Spokane’s new citizens commission charged with overseeing police complaints opened its first meeting with many of the dreadfully dull but important questions that government work is made of: scheduling meetings, deciding leadership duties, learning the ropes of Robert’s Rules of Order and the state public meetings law.
But before the night was over, the Office of the Police Ombudsman Commission was already engaging serious issues, formally asking the Spokane Police Department to more thoroughly investigate two complaints, including one that has been the most significant point of disagreement between the ombudsman, Tim Burns, and police Chief Frank Straub.
The commission also agreed to ask for an audit of the police department’s policies and practices regarding bartering of city property, in the wake of an internal affairs investigation that found an SPD officer traded ammunition to cover some damage done to a vehicle at a fundraising event.
Now we’ll begin to see how this all works, and, chiefly, how the police department and Straub respond. The commission’s authority is limited – as a first step, it can primarily urge the police department to open or reopen internal affairs investigations, with the option of seeking a third-party investigation if it is rebuffed.
But Monday night’s first meeting illustrated at least one of the more general strengths of the city’s new system: bringing the discussion of potential problems further outside the department’s control and into the public square.
The OPO Commission grows from Proposition 1, the local initiative calling for independent investigations of police complaints that 70 percent of Spokane voters supported in February 2013. The road from there to here has been long and bumpy, involving a drawn-out wrestle between the administration, the department and police unions that resulted in a system that critics argue falls short of the mandates of Prop 1 because it failed to grant full independence to the ombudsman.
Others praised the system for creating the commission and establishing levels of oversight that are rare in any community. In the end, both of those arguments had a portion of truth – the system falls short of the strictest reading of Prop 1 and feels like another forced capitulation to the police union, and yet it establishes a mechanism for oversight that is promising in many ways.
The five commissioners are Pastor Debra Conklin, Rachel Dolezal, Adrian Dominguez, Scott Richter and Kevin Berkompas. Among the issues the commission took up Monday:
• Will Tim Burns continue as the city’s ombudsman? Two commissioners – Berkompas and Richter – said they were ready to extend Burns’ contract right away, but in the end the panel decided to put the decision on the agenda for its Nov. 4 meeting to gather more public input.
The elephant in the room involved whether Burns might be ready to leave soon for another opportunity – everyone on the panel discussed the need to move quickly or lose Burns as a candidate. Burns would not discuss it other than to say, “The clock is ticking and time is precious.”

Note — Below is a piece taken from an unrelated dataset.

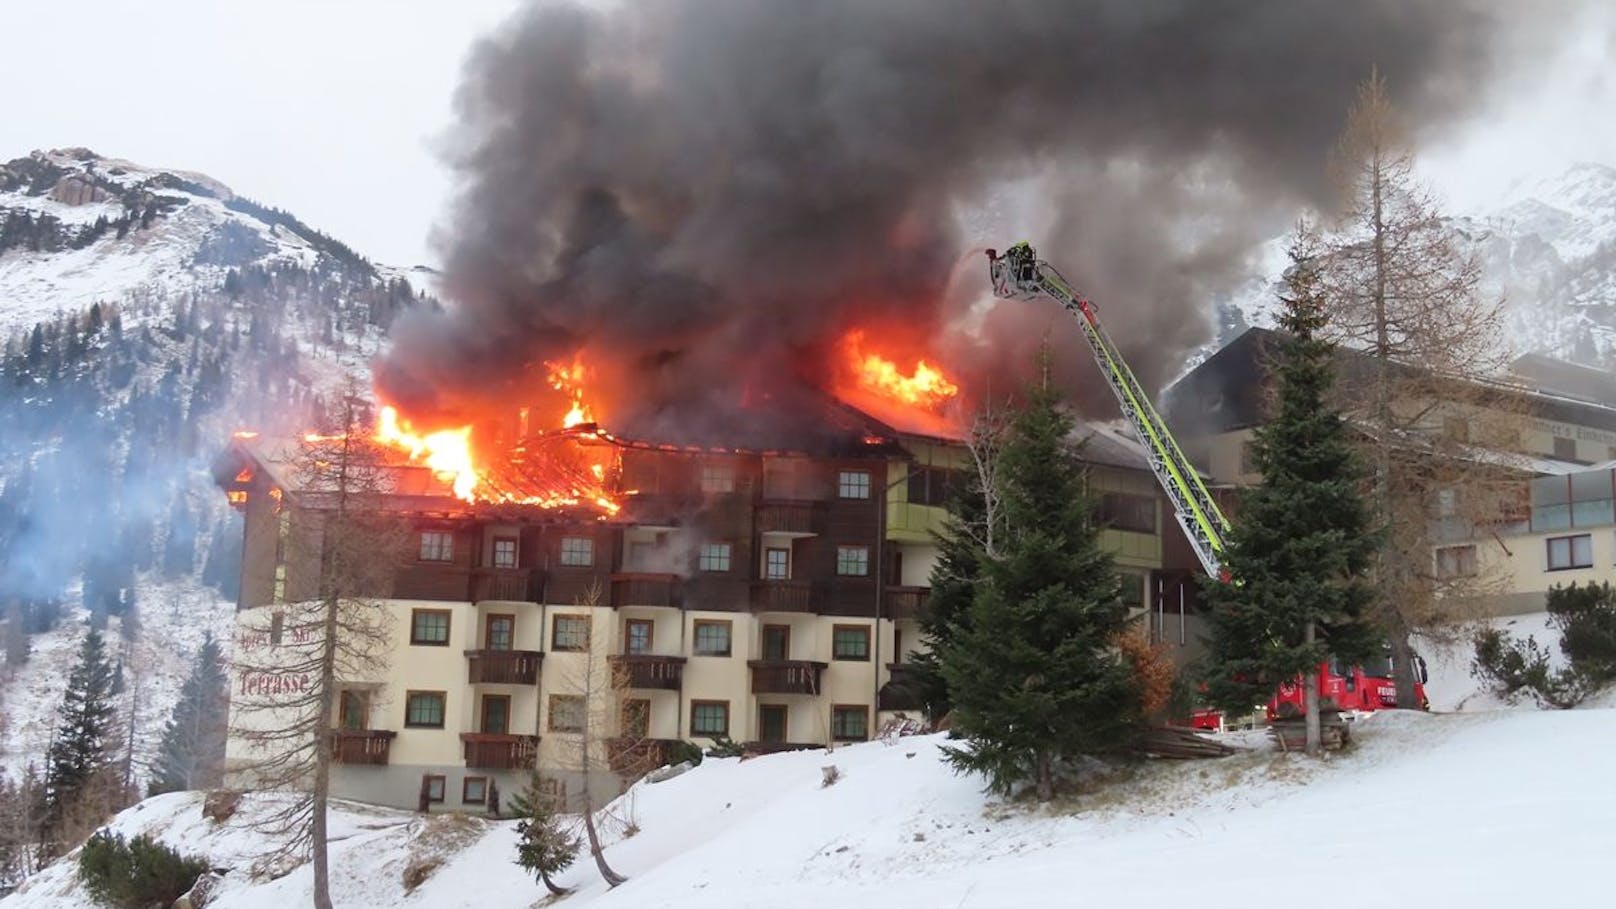 Dachstuhl in Flammen – 200 Feuerwehrleute im Einsatz

• The commission authorized Burns to recommend that the city hire an auditor to review the use of bartering at the city’s firing range. This arises from a case in which an SPD officer bartered ammunition in exchange for having damaged a private vehicle at a fundraising event; the damage was done when an officer’s personal sunshade canopy was blown by a wind gust into a personal vehicle belonging to someone else at the event, Burns said. The officer traded ammunition, worth $450 to $500, to settle the damage, estimated at $500 to $750, Burns said. The final IA report, including the officer’s name and the discipline that was meted out, has not been posted at the SPD’s website.
“While this may be an isolated incident, in fact it might not be,” Burns said. “We have a duty to look in greater depth at it.”
• The commission also authorized Burns to ask Straub to reconsider the department’s handling of a use-of-force complaint – a case that could be the first test of how the system works when the department resists the ombudsman’s wishes.
A complaint was filed over a May traffic stop in which an officer pulled a driver from a car and “took him to the ground,” in Burns’ words, leaving a small cut on his forehead. Burns received a complaint about the incident and forwarded it to the SPD’s internal affairs unit, which declined to investigate or to classify the incident as a “use of force.”
Burns disagreed and would not certify that decision. He sent Straub a letter asking him to reconsider an investigation and to change the policy regarding when use-of-force incidents must be reported; Straub responded by defending the decision and refusing to open an investigation or create a use-of-force report. He also chided Burns for expressing his opinion that the department was being a little loose in its definitions of use of force.
So, instead of having the authority to investigate this himself, Burns and the commission are left to ask, again, for the chief to do so.
If the answer remains no, the new commission will have the chance to test the limits of its authority. And citizens will get an early measurement of the size of the gap between Prop 1 and the new system.